July: Goldenrod or ragweed?

For many allergy sufferers, understanding why goldenrod and ragweed affect us differently and how to tell them apart could help us avoid allergies – not to mention unnecessarily removing native goldenrods!

There are three common ragweed species in Minnesota: common ragweed, western ragweed and giant ragweed. Common and giant ragweed are annual plants, while western ragweed is a perennial. These plants are all defined by their lobed leaves of varying sizes and their branching stems. Flowers are produced both at the stem tips and at the upper leaf bases: the male flowers – located at the tips of the stem – produce copious pollen, while the female flowers are small, greenish, and non-descript. These plants can grow in clusters or singly. While common and western ragweed can grow up to four feet tall, giant ragweed can reach heights of fifteen feet.

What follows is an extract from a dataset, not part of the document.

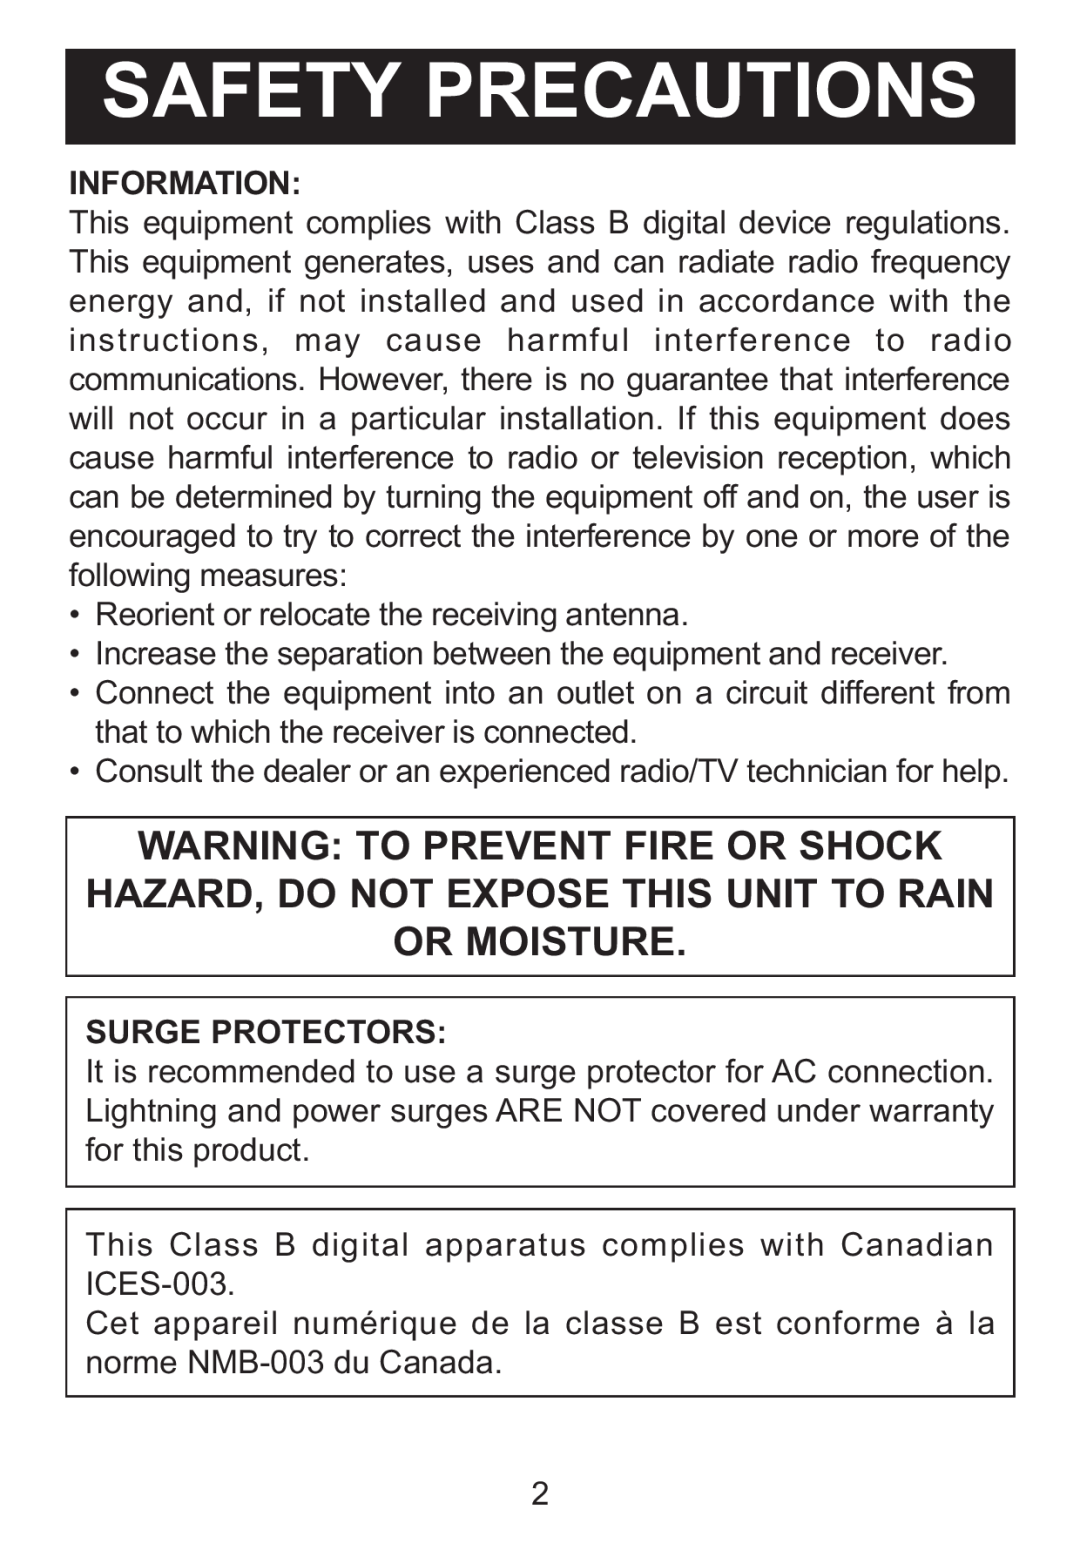 Memorex M12001 manual Information, Surge Protectors, Safety Precautions, Warning To Prevent Fire Or Shock

Goldenrod, on the other hand, is a single stemmed plant that often grows in patches. There are some 45 species of goldenrod in Minnesota and many of these species hybridize, making identification of a specific species difficult. However, telling them apart from ragweed is relatively easy. These single-stemmed plants have unlobed, lanceolate leaves, arranged alternative on the stem. Leaves are often densely packed on the stem, giving them a slightly whorled appearance. Their flower clusters occur in many forms, but always at the top of the plant. Many species’ flowers occur in spikes or flat-topped clusters.

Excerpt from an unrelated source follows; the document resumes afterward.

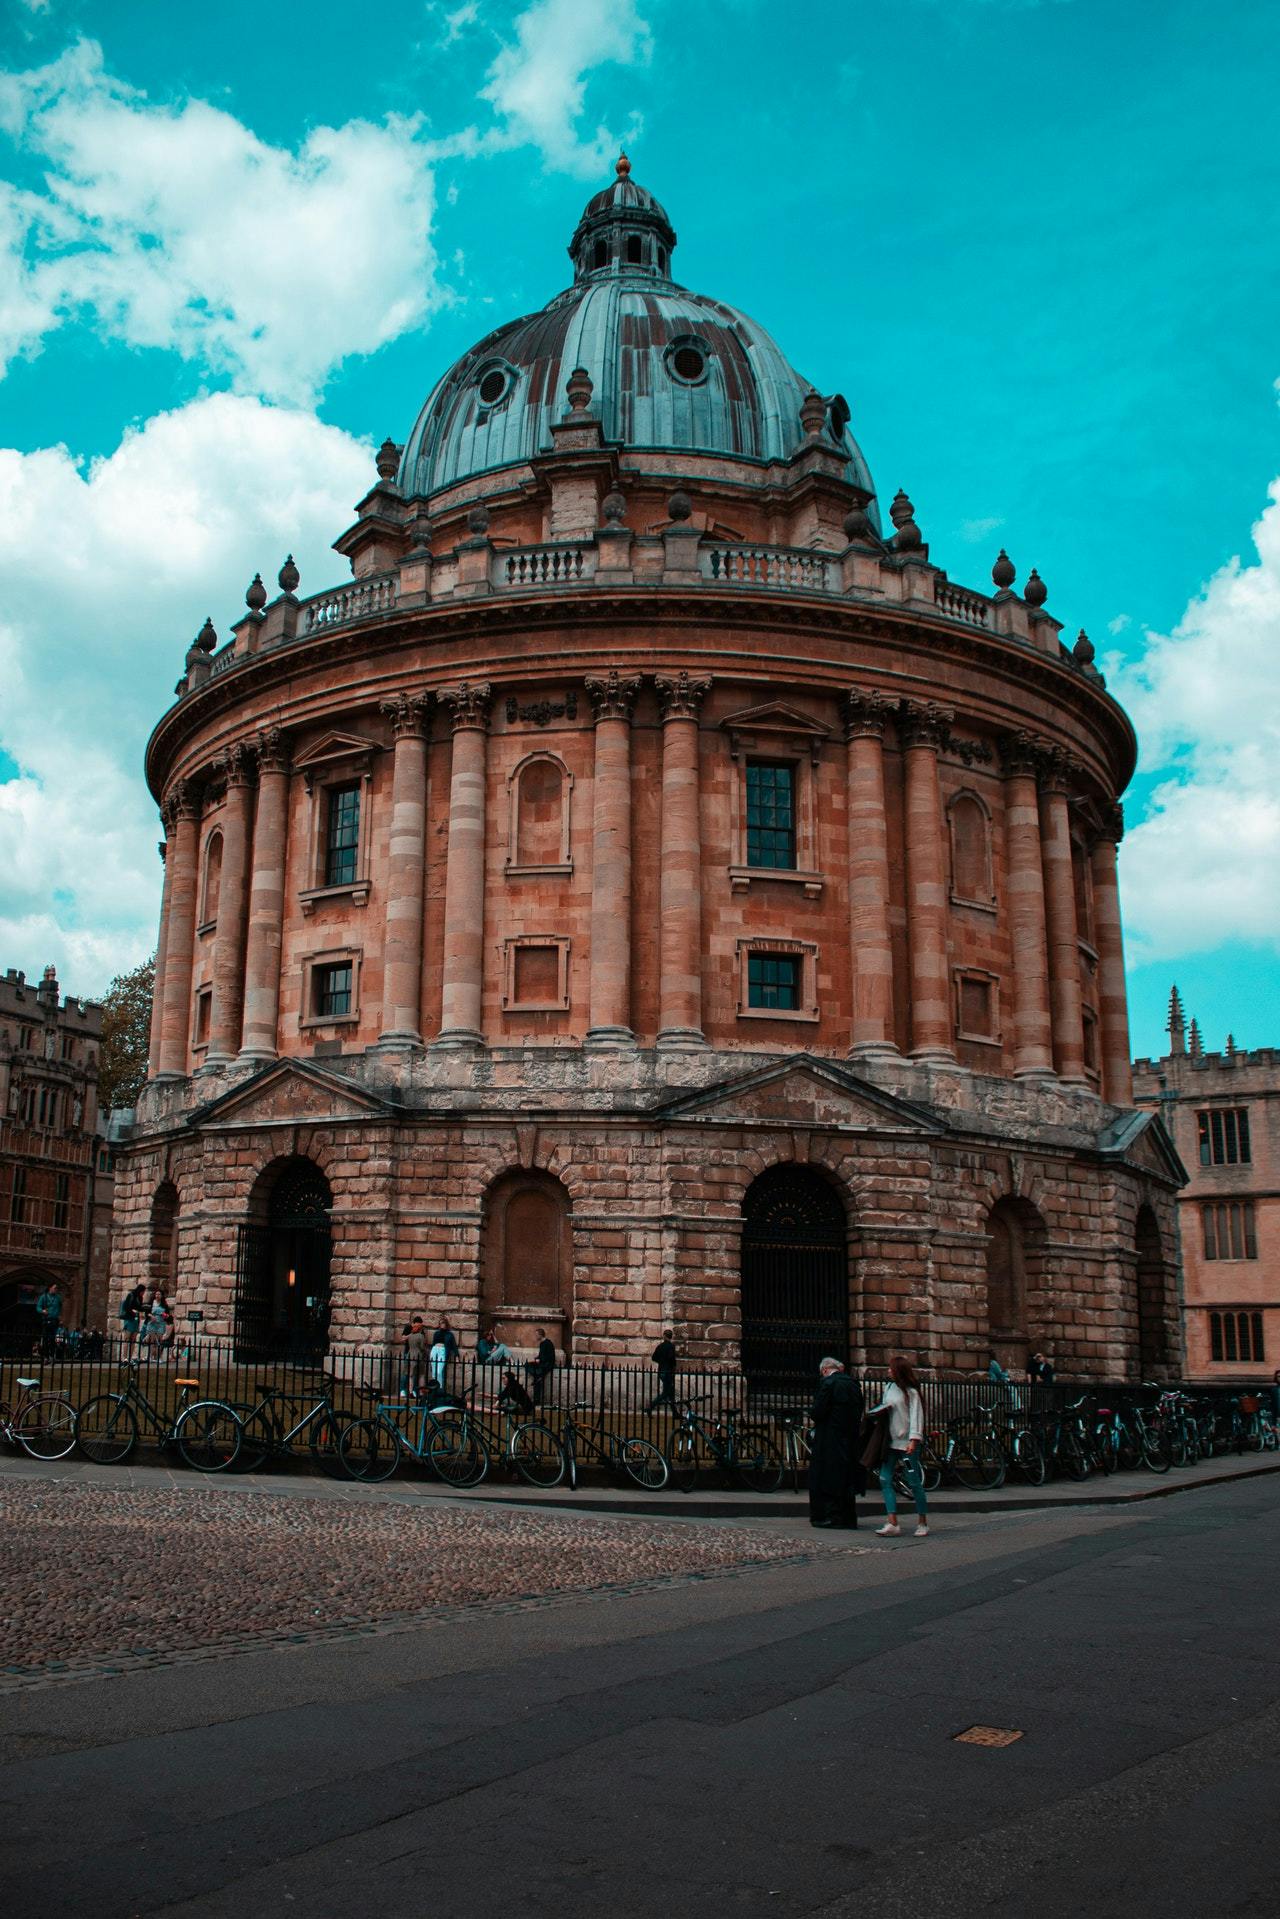 Oxford self-guided walking tour on its University and traditions

So why is ragweed to blame for much of our allergies and goldenrod isn’t? This is due in large part to each plant’s pollinator syndrome. Ragweed’s small flowers are not showy or brightly colored – characteristics that attract pollinators. Instead, ragweed is primarily wind pollinated, meaning that ragweeds rely on wind to disperse their pollen from plant to plant. Thus, they produce massive amounts of pollen to be carried along on the wind. As this pollen fills the air, some of it ends up in our nasal cavities, causing irritation and allergy symptoms. Conversely, goldenrods are both wind and insect pollinated; their showy golden flowers attract pollinators like bees and other insects. As such, they produce less pollen because they don’t have to rely on wind dispersing it to far-off plants.

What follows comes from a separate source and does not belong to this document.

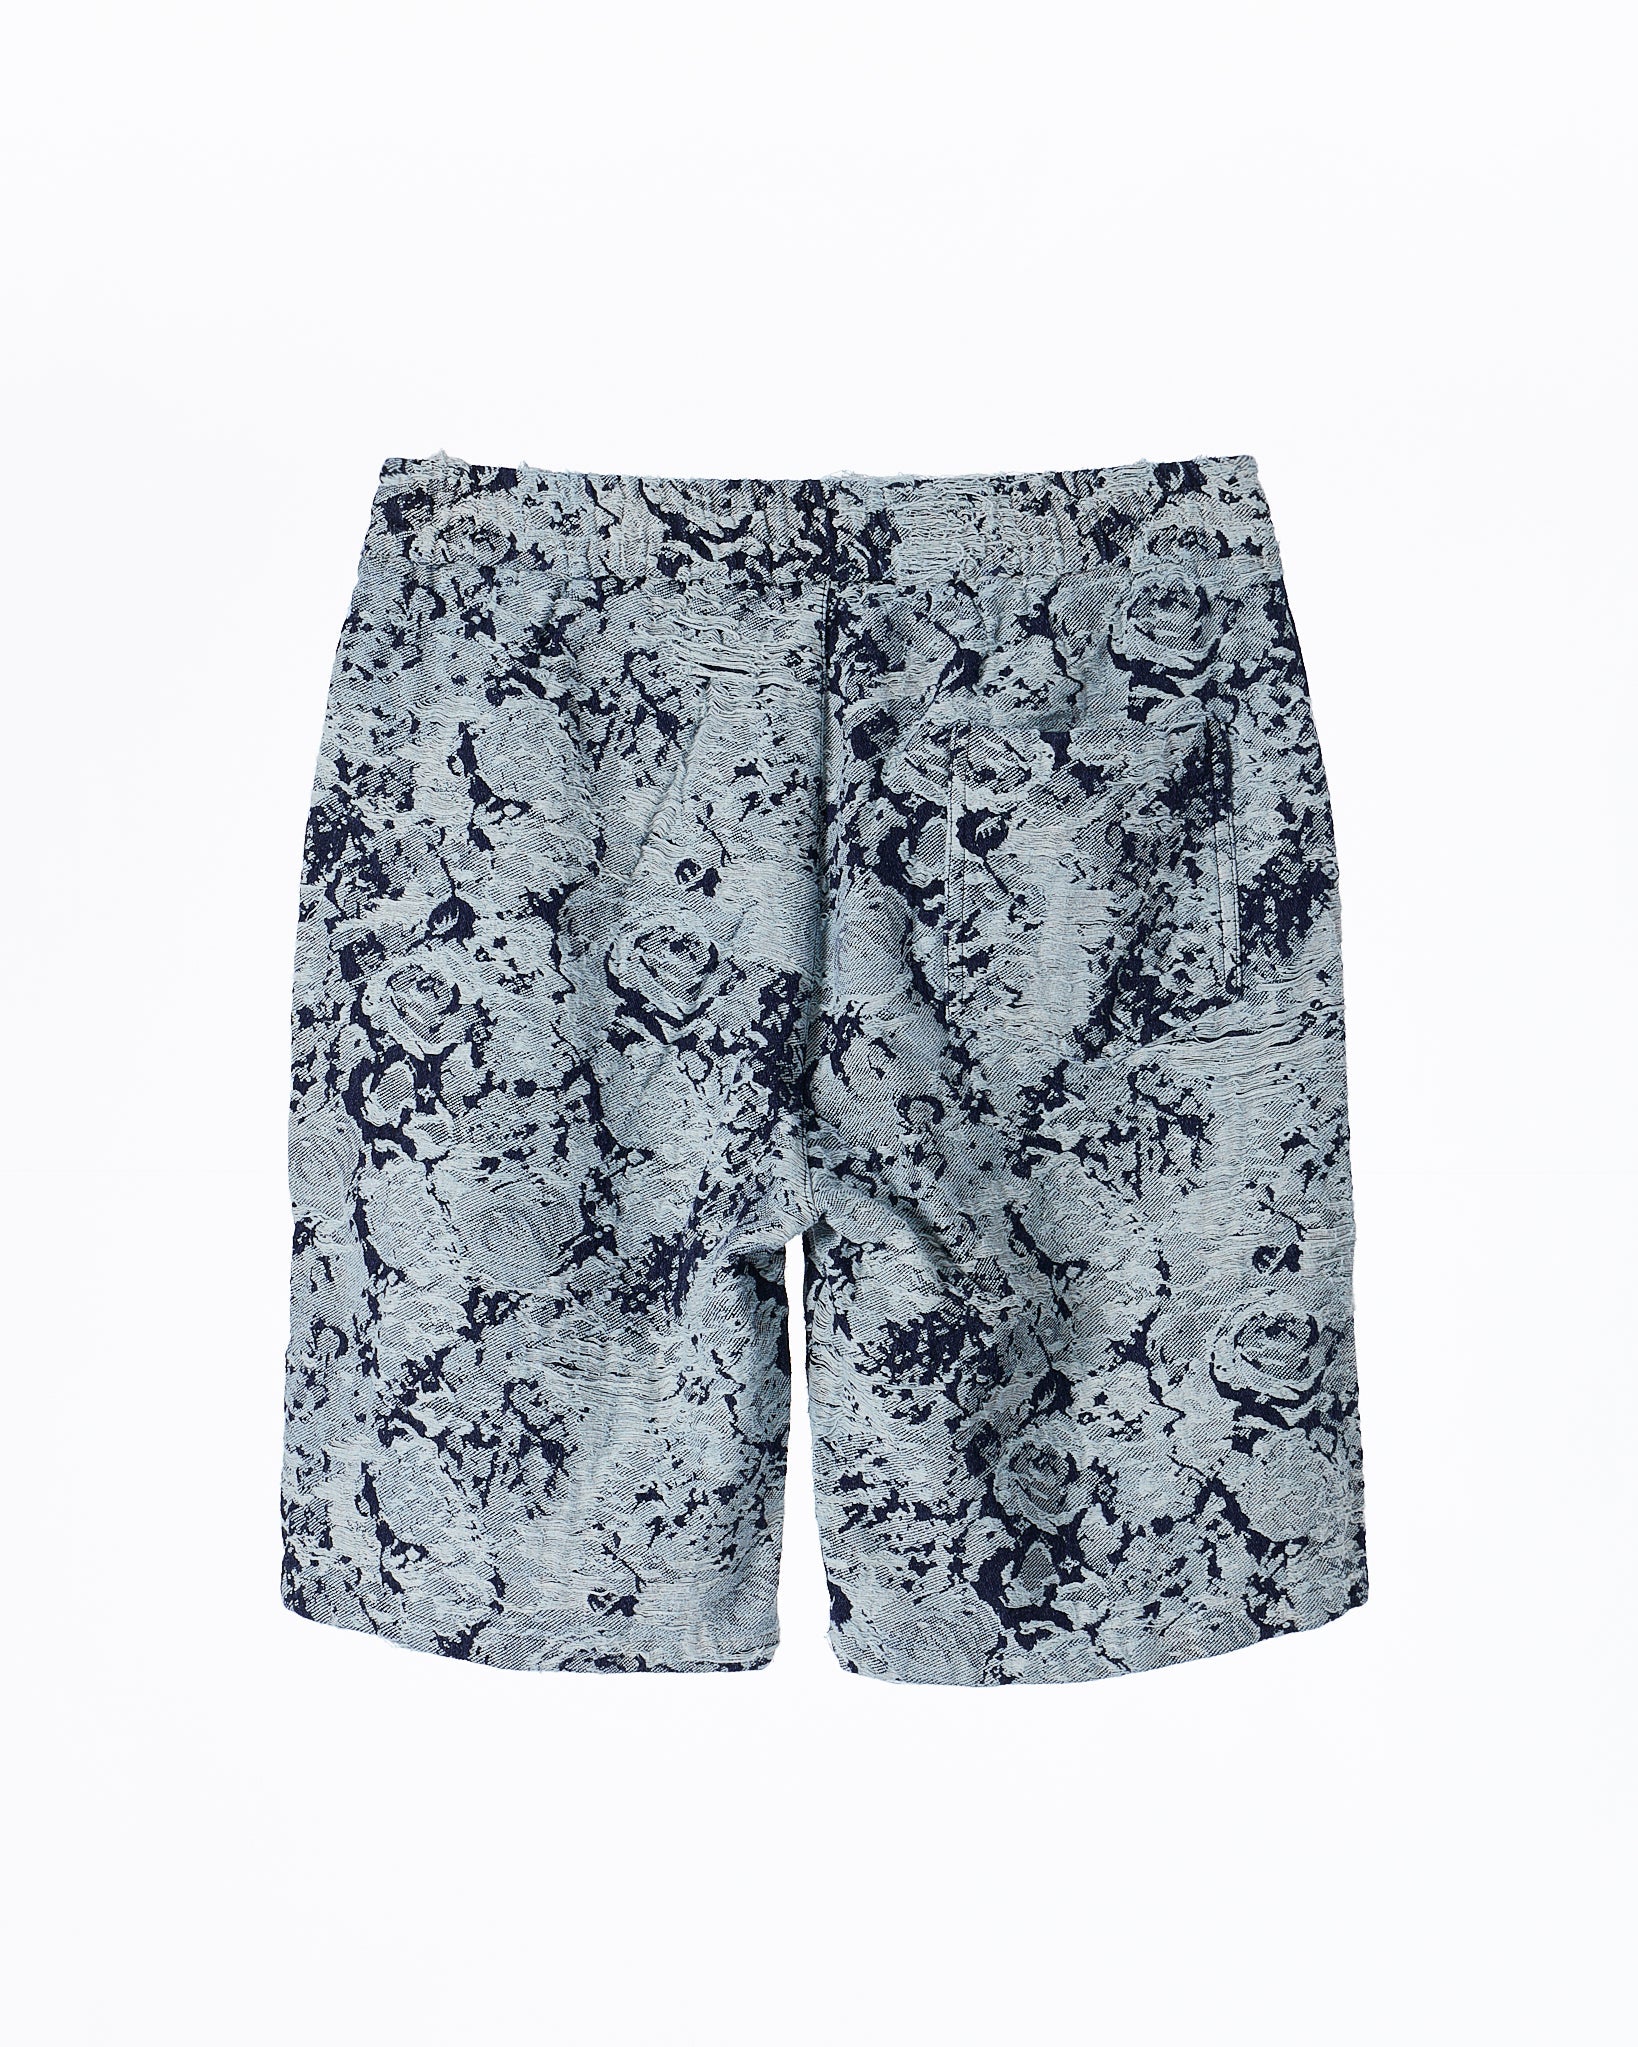 MOI OUTFIT-LV Floral Embossed Men Shorts 62.90

While many people will mistakenly remove goldenrods from their properties to avoid allergies, this is usually in effective, and only works to remove important food sources for native pollinators. In fact, many Minnesotan allergy sufferers tend to find relief in northern Minnesota, where goldenrods are plentiful but ragweeds are uncommon. So next time you start noticing your allergies kicking in, take a look around. Try looking past the showy patches of goldenrod and see what other plants may be present. The cause of your allergies may be less conspicuous than you think.